GIVEN DATA —
* * * * *

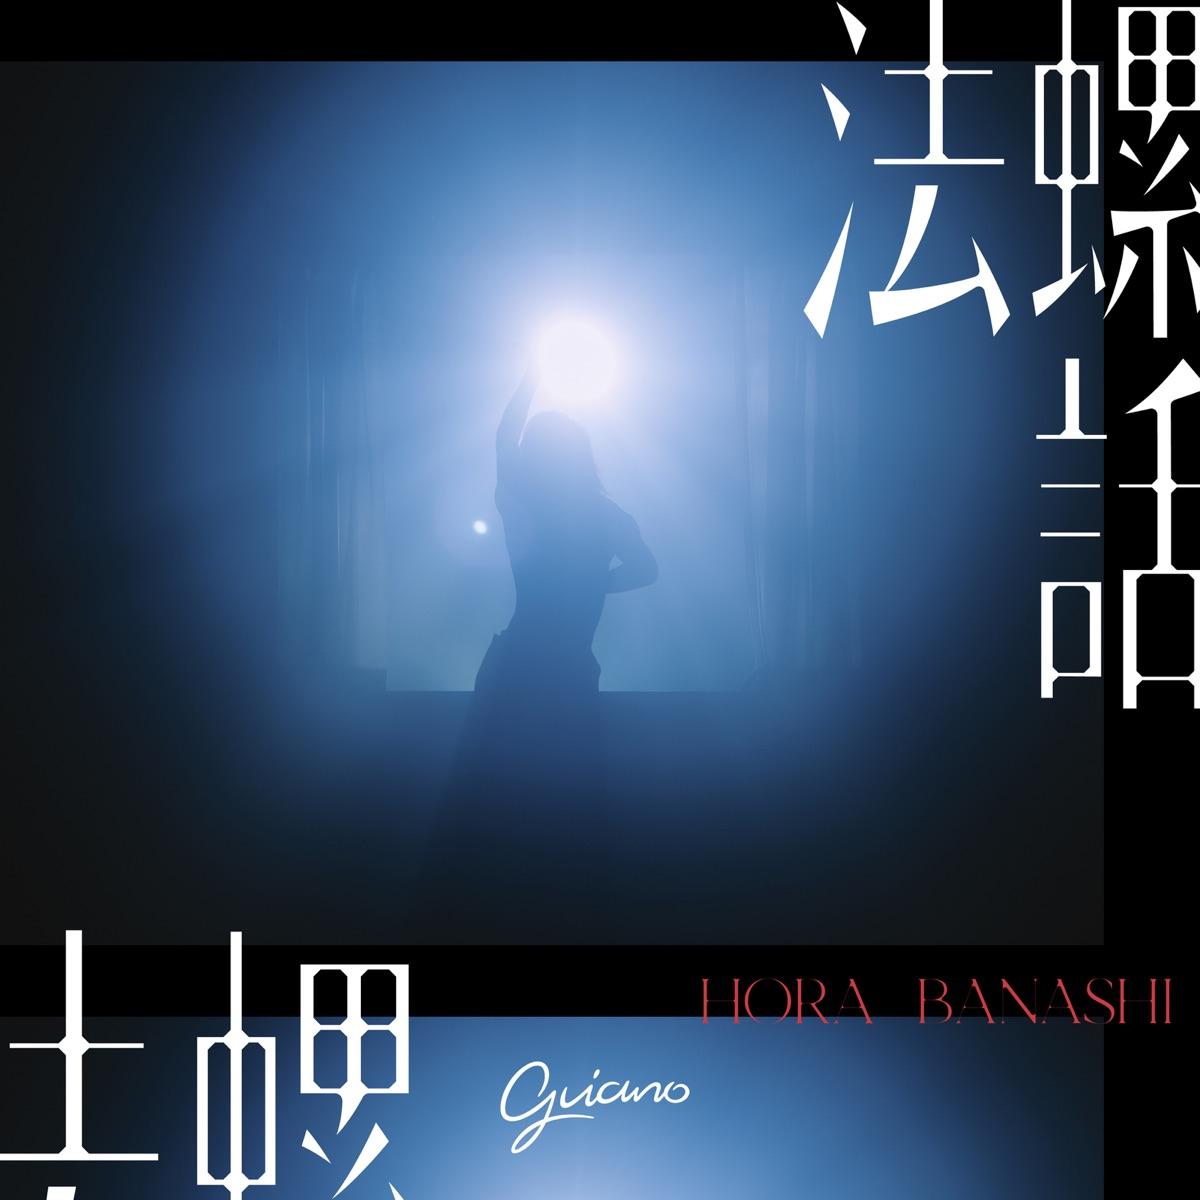 『Guiano - 法螺話 (self cover) 歌詞』収録の『法螺話 (self cover)』ジャケット
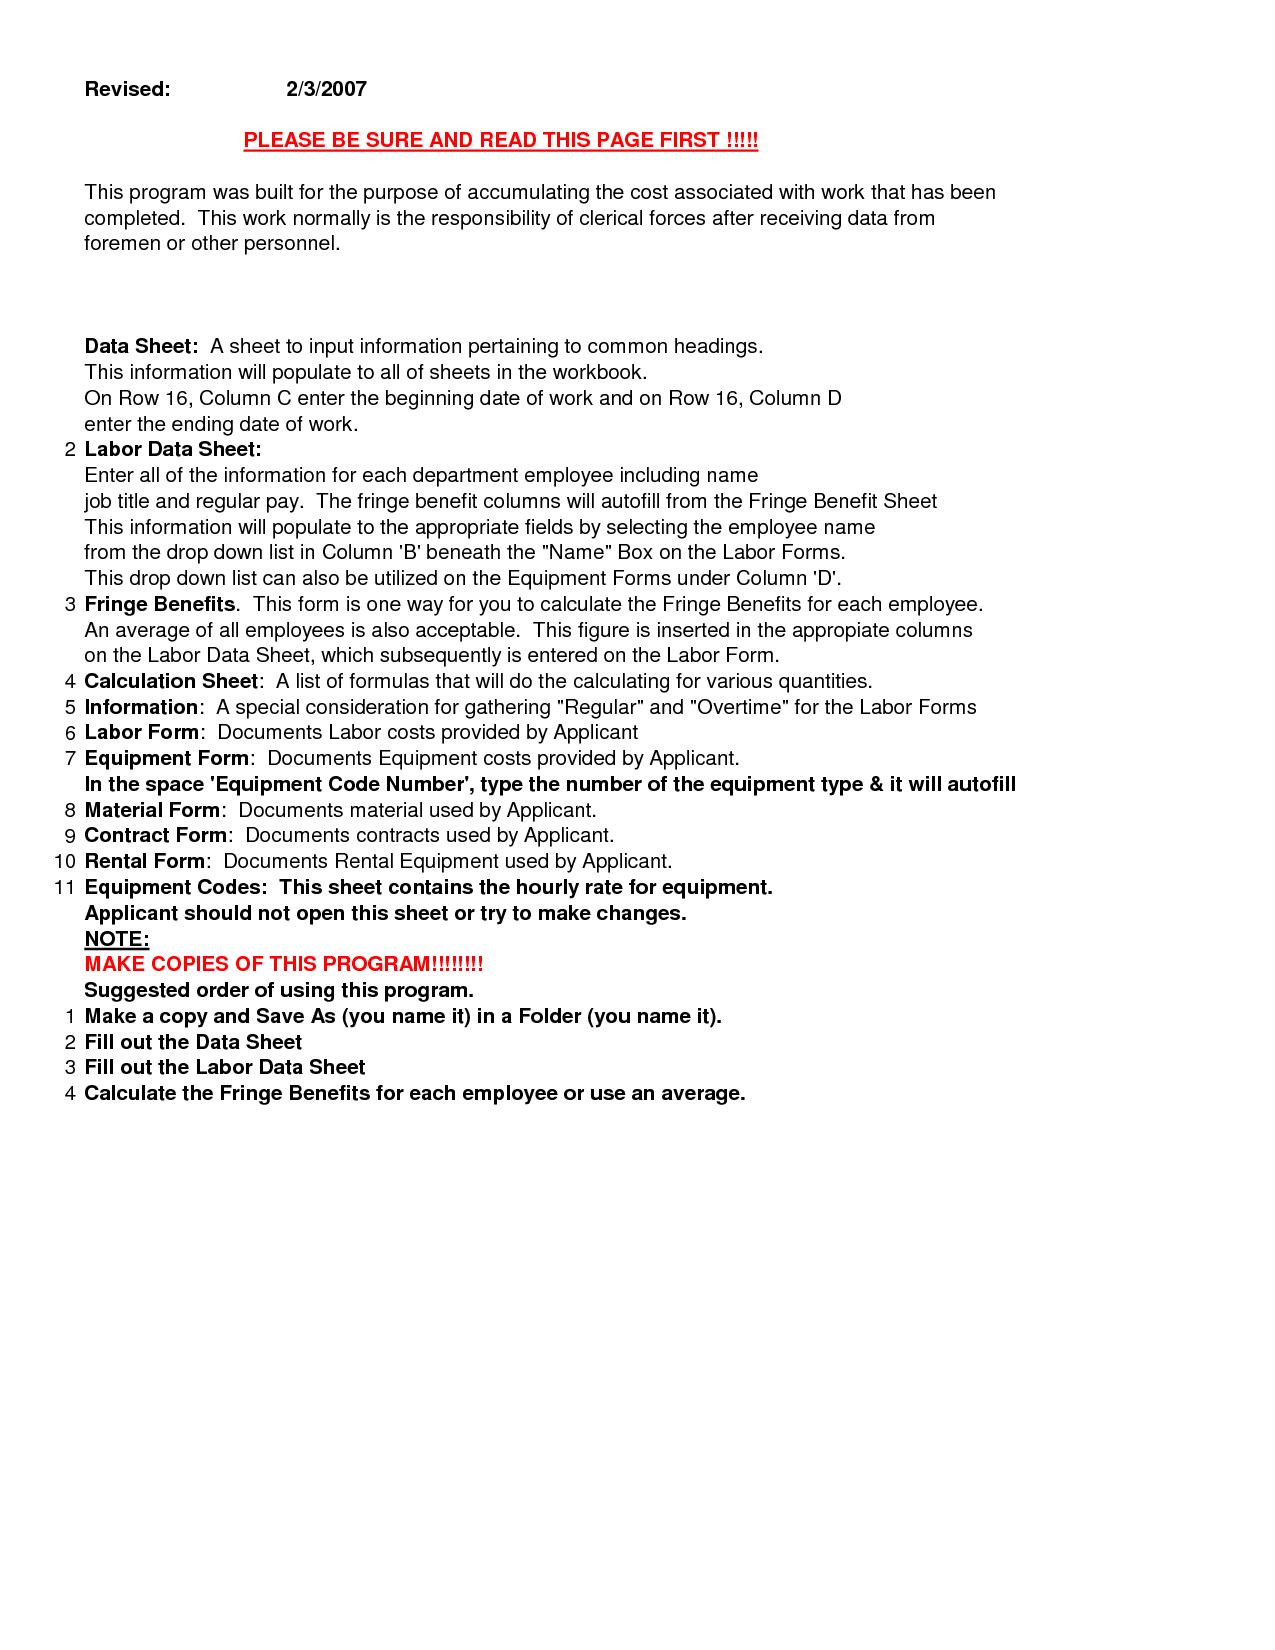 fema fringe benefits calculation worksheetFEMA PA Excel Forms Workbook crKGaBHr
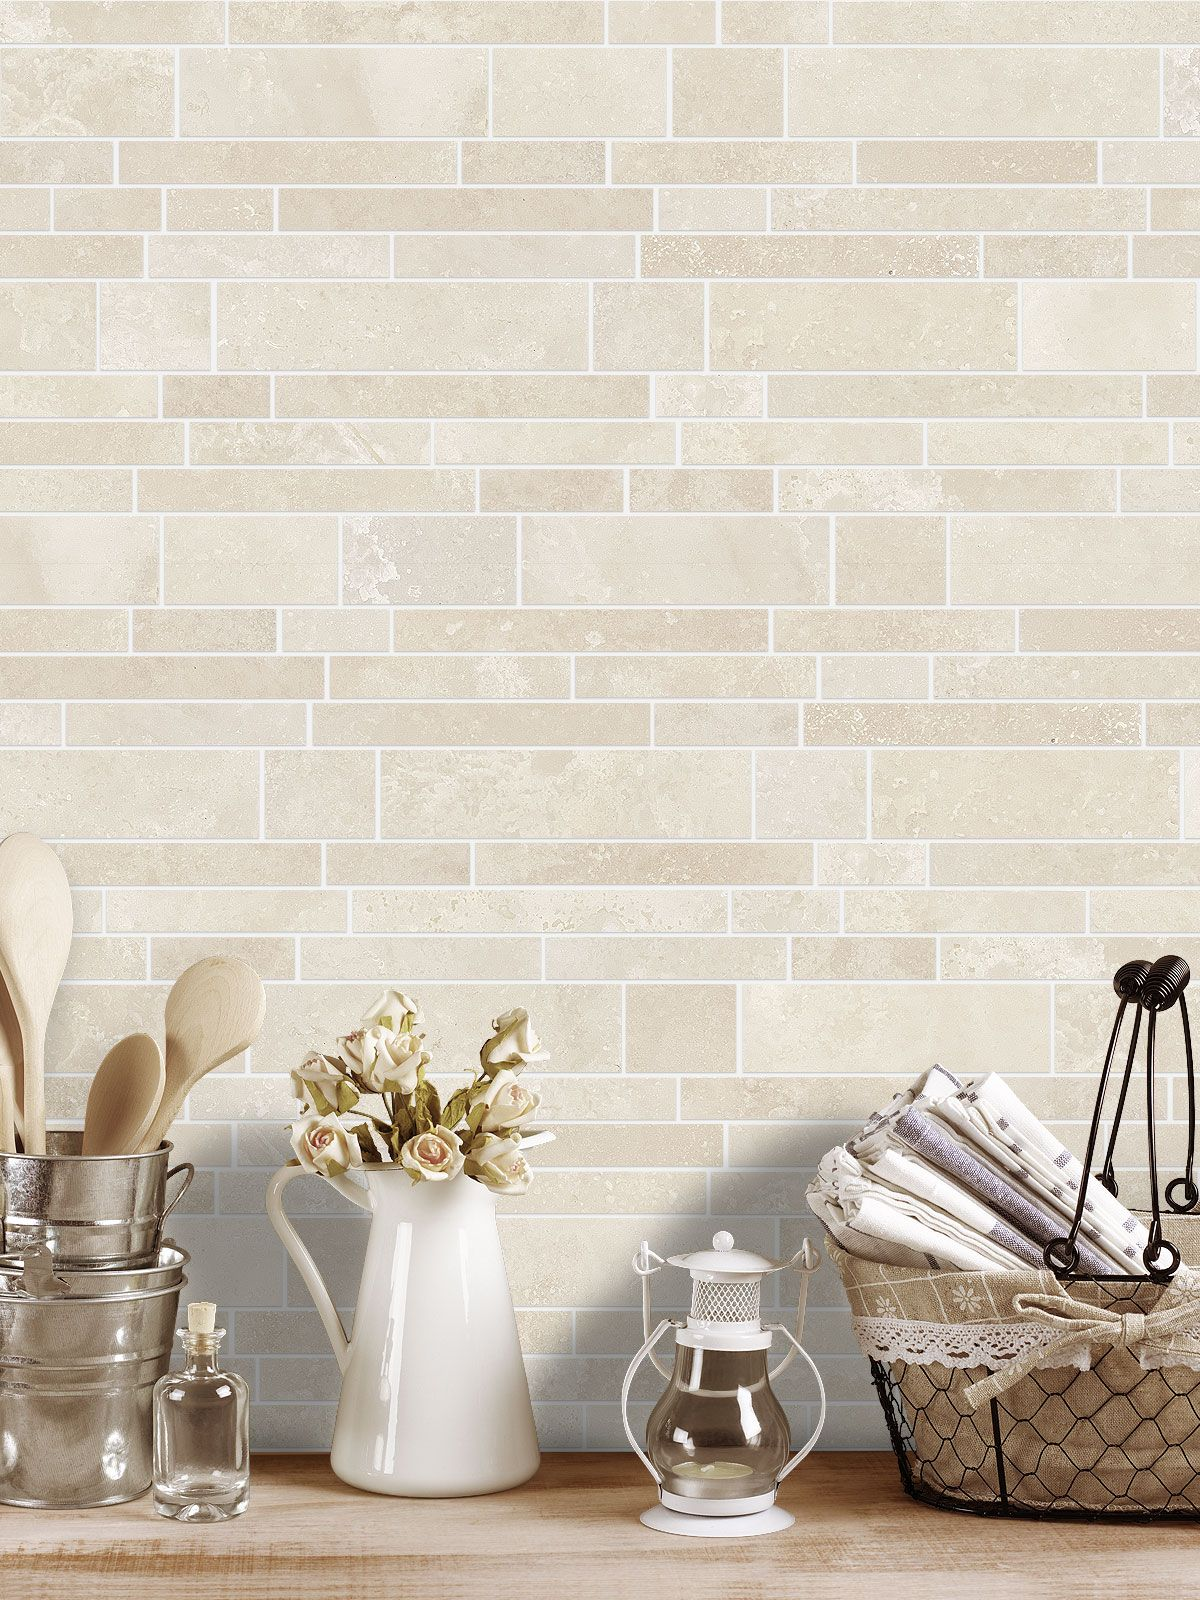 Photo of Light ivory Travertine Kitchen Subway Backsplash Tile | Backsplash.com

* * * * *

DIRECTIONS FOR THIS TASK —
When you copy the data above, keep each line exact and omit the pictures.

ANSWER BELOW —
 『Guiano - 法螺話 (self cover) 歌詞』収録の『法螺話 (self cover)』ジャケット
 fema fringe benefits calculation worksheetFEMA PA Excel Forms Workbook crKGaBHr
 Photo of Light ivory Travertine Kitchen Subway Backsplash Tile | Backsplash.com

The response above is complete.